Ich habe ja einige Ziele im Leben, aber das gehört bestimmt nicht dazu..ich bekenne mich auch offen dazu, gerade in unserem überregulierten Gemeinwesen die Furcht vor Strafe in vielen Fällen für einen ausreichenden Grund zu halten, ein Gesetz zu befolgen, ohne mich deswegen für einen amoralischen Menschen zu halten. Das gilt übrigens nicht nur für staatliche Gesetze, sondern auch z. B. für Regeln am Arbeitsplatz. Ich arbeite in einem Team, wo einige Teammitglieder ein geradezu erschreckendes Bedürfnis nach Regeln haben und die Vorgesetzten dem auch nachkommen. Die meisten dieser Regeln halte ich für völlig unnötig und einschränkend, aber ich kann es nicht ändern. Also halte ich mich halt dran, wenn ich nicht auskomme und strapaziere sie, bis ich an eine Grenze stoße. Aber niemand kann von mir verlangen, dass ich die Regel mit heißem Herzen befolge, nur weil sie existiert. Und so ist es m. E. mit den Gesetzen auch. Ich kann nicht vom Staat verlangen, dass er nur Regeln macht, die meinem Privatempfinden entsprechen, umgekehrt kann der Staat keinen Gehorsam aus Überzeugung von mir verlangen.

Zitat von Erling Plaethe
Vielleicht habe ich sie missverstanden, aber ich hatte herausgehört: "Wer ohne Sünde ist, werfe den ersten Stein."
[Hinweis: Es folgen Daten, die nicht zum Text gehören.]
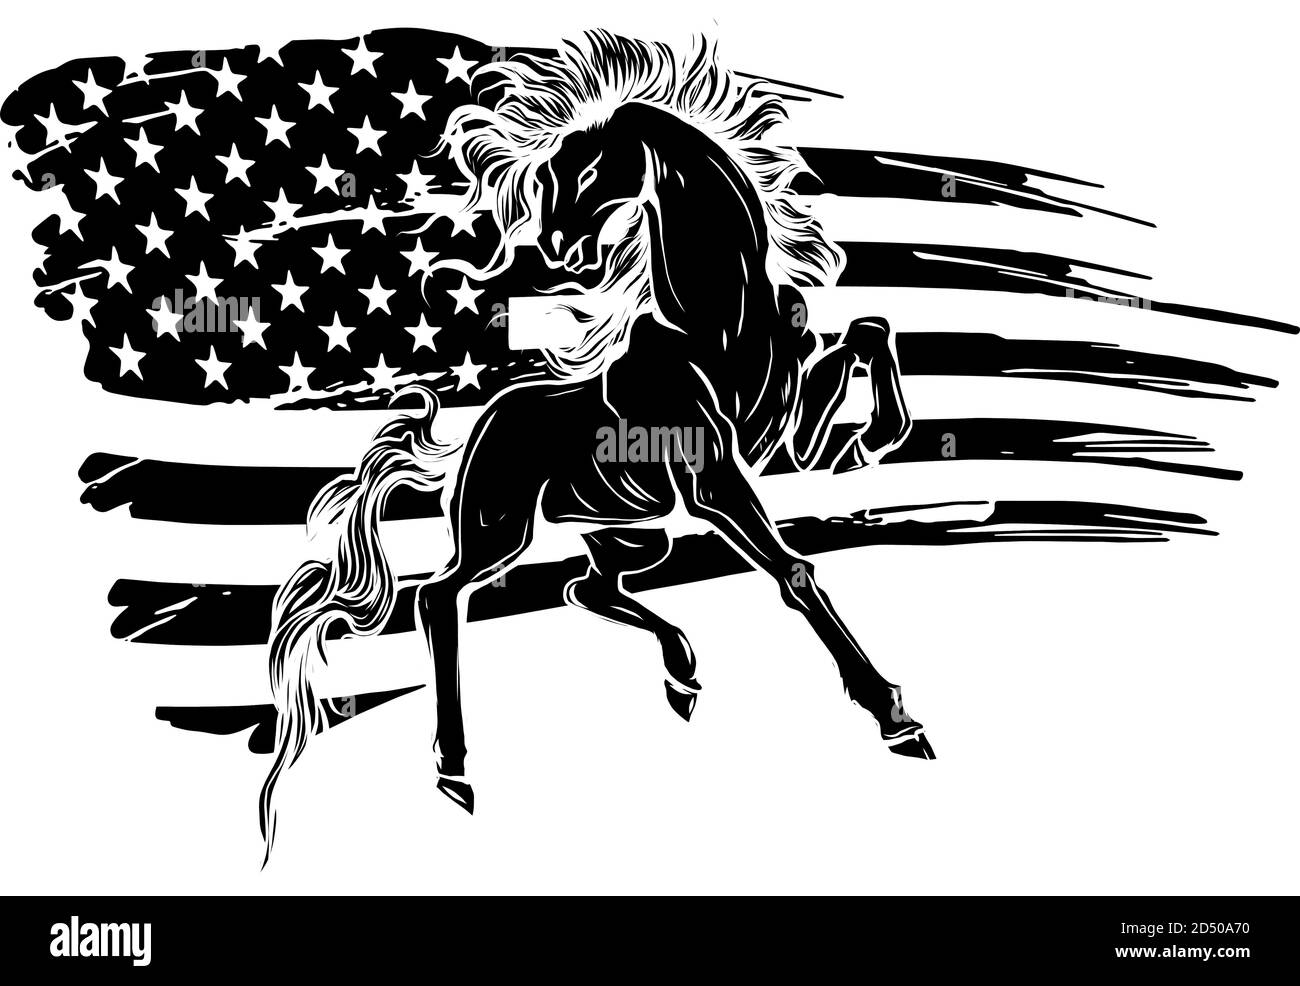 Grunge Flag Background Wild Horse Vector Illustration Black Silhouette Stock Vector Image Art Alamy

Nein, überhaupt nicht. Ich plädiere lediglich dafür, dass die "Gesetzesbrecher" nicht eine höhere Moral als Vorwand benutzen und die "Regulierer" sich nicht als Pädagogen aufspielen, die den Pöbel im Sinne der selben Moral vor sich selber schützen. Wenn Sie so wollen, plädiere ich für einen möglichst sparsamen Einsatz von Moral in Recht und Politik.

Gruß Petz

Erling Plaethe Offline




Beiträge: 4.660

07.09.2011 22:38
#65 RE: Herrschaft des Rechts Antworten

Zitat von Meister Petz
Ich plädiere lediglich dafür, dass die "Gesetzesbrecher" nicht eine höhere Moral als Vorwand benutzen und die "Regulierer" sich nicht als Pädagogen aufspielen, die den Pöbel im Sinne der selben Moral vor sich selber schützen. Wenn Sie so wollen, plädiere ich für einen möglichst sparsamen Einsatz von Moral in Recht und Politik.


Ich auch, da kann ich ihnen nur voll und ganz zustimmen!